A prescindere dai numeri, le luci e le ombre del segmento d’alta gamma sono inquadrabili soprattutto nel settore del commercio contemporaneo – in pratica gli orologi nuovi – perché ormai è sempre più consolidato uno spartiacque invalicabile: da una parte ci sono una ventina di modelli iconici di una manciata di marche, capitanate dalla solita Rolex, che si “stravendono” attraverso le fantomatiche e interminabili liste d’attesa nei concessionari ufficiali con il mercato parallelo che rivende gli stessi modelli ha prezzi “dopatissimi” e dall’altra parte c’è il resto della produzione d’alta gamma – parliamo di decine e decine di marche anche storiche e anche appartenenti ai grandi conglomerati del lusso – che prendono la polvere nelle vetrine. I motivi sono molteplici. Il successo degli uni è frutto di una impeccabile coerenza storica sul prodotto e di una strategia distributiva attentissima a non alterare gli equilibri tra domanda e offerta. L’insuccesso degli altri è invece causato da scelte manageriali più attente alle leve finanziarie che a quelle di prodotto e di identità di marca.  

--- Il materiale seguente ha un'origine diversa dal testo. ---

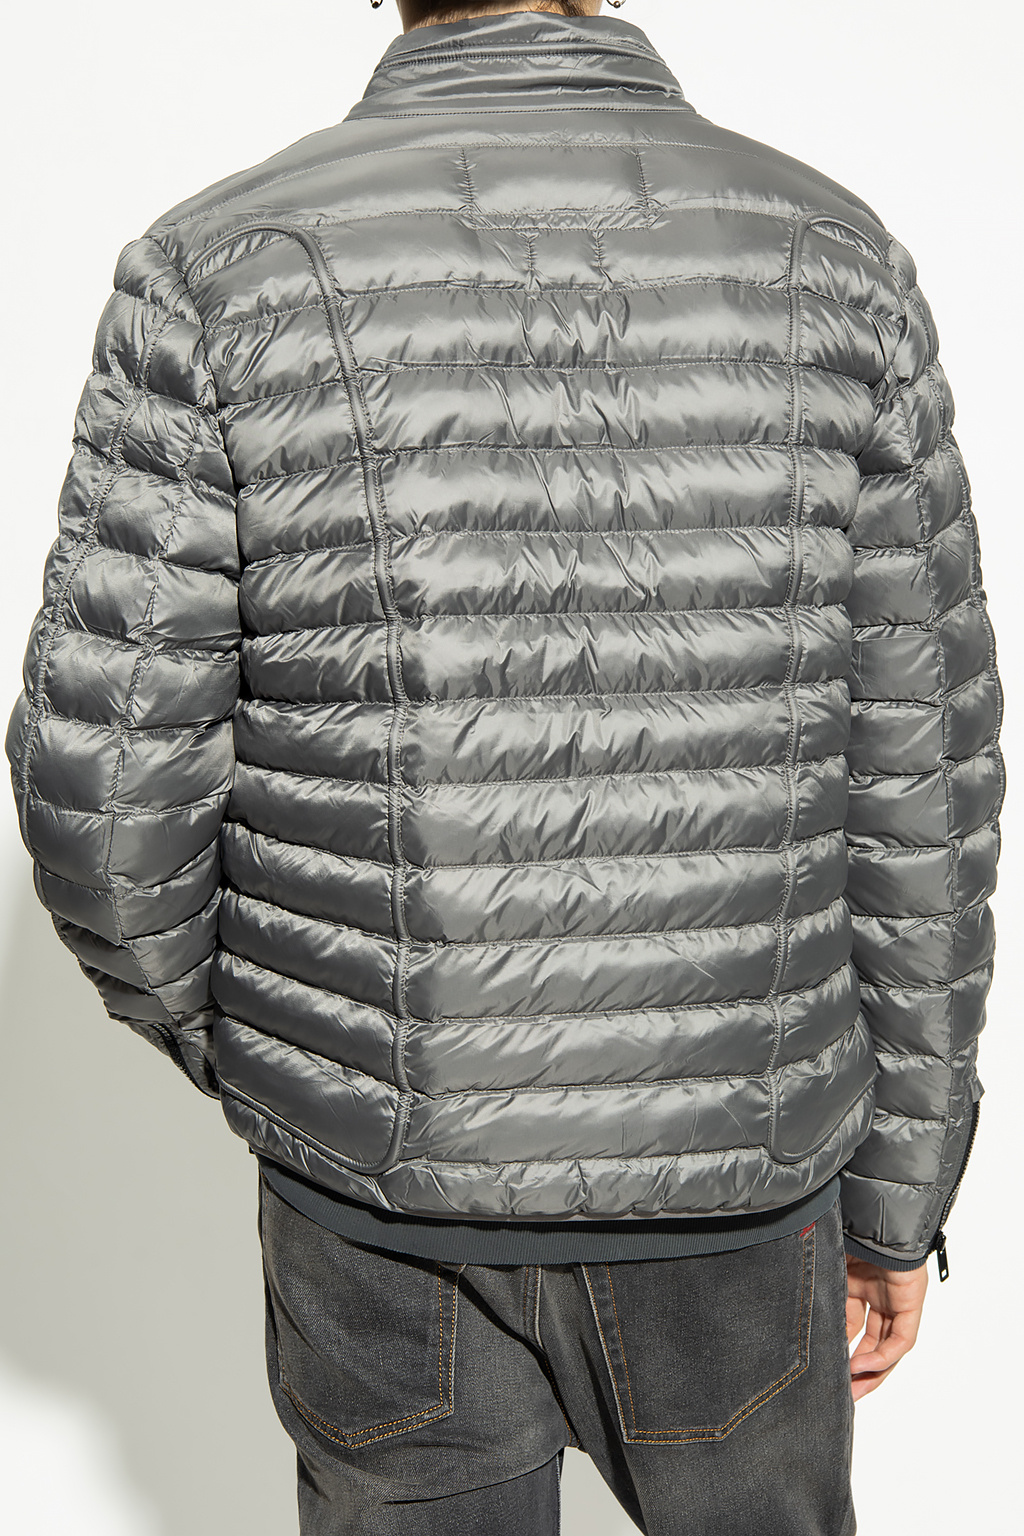 Diesel 'W-HAWK-NW' insulated jacket | Men's Clothing | Vitkac

Durante l’ultima asta newyorkese dello scorso 12 dicembre della plurisecolare Phillips, il leggendario Rolex Daytona Ref. 6263 “Big Red” è stato battuto per 4,5 milioni di euro

Rolex Daytona Ref. 6263 “Big Red” appartenuto a Paul Newman

Al contrario, splende il sole nel mondo dell’orologeria vintage, con quotazioni sempre in rialzoanche in questo caso, storicamente, il panorama del successo è circoscritto a una decina di marche per qualche decina di relativi modelli – e con le grandi aste internazionali che stanno vivendo una stagione di grandi exploit, come l’ultima asta newyorkese dello scorso 12 dicembre della plurisecolare Phillips, che ha aggiudicato 135 orologi – ovvero il 99% dei lotti – per un guadagno complessivo di quasi 23 milioni di euro e con l’assegnazione del leggendario Rolex Daytona Ref. 6263 “Big Red” appartenuto a Paul Newman e venduto a 4,5 milioni di euro (nella foto © Phillips). E con il battitore che è sempre lo stesso: il leggendario Aurel Bacs (svizzero, classe 1971, dagli anni Novanta prima in Sotheby’s, poi in Christie’s e, dal 2014, in Phillips), alla regia di altre aste epocali: New York 2017, 17,7 milioni di dollari per il Daytona 6239 con quadrante Paul Newman di proprietà di Paul Newman; Ginevra 2016, 11 milioni di franchi svizzeri per uno dei quattro Patek 1518 esistenti in acciaio; Ginevra 2018, 5 milioni di euro per il Daytona 6265 in oro bianco soprannominato “The Unicorn”; e New York 2019, 1,95 milioni di dollari per il Gmt-Master 1675 che Marlon Brando indossava in “Apocalypse Now”.

Il battitore Aurel Bacs

In conclusione, se il trend per l’immediato futuro è scontato, con i soliti modelli (Daytona, Submariner, GMT, Nautilus, Royal Oak e pochi altri), sia nuovi sia soprattutto fuori produzione, che rappresentano dei veri e propri beni rifugio, c’è da capire cosa faranno i manager dei marchi che prendono la polvere nelle vetrine per modificare uno stato di fatto che alla lunga non è sostenibile. Chi vivrà (Covid permettendo), vedrà!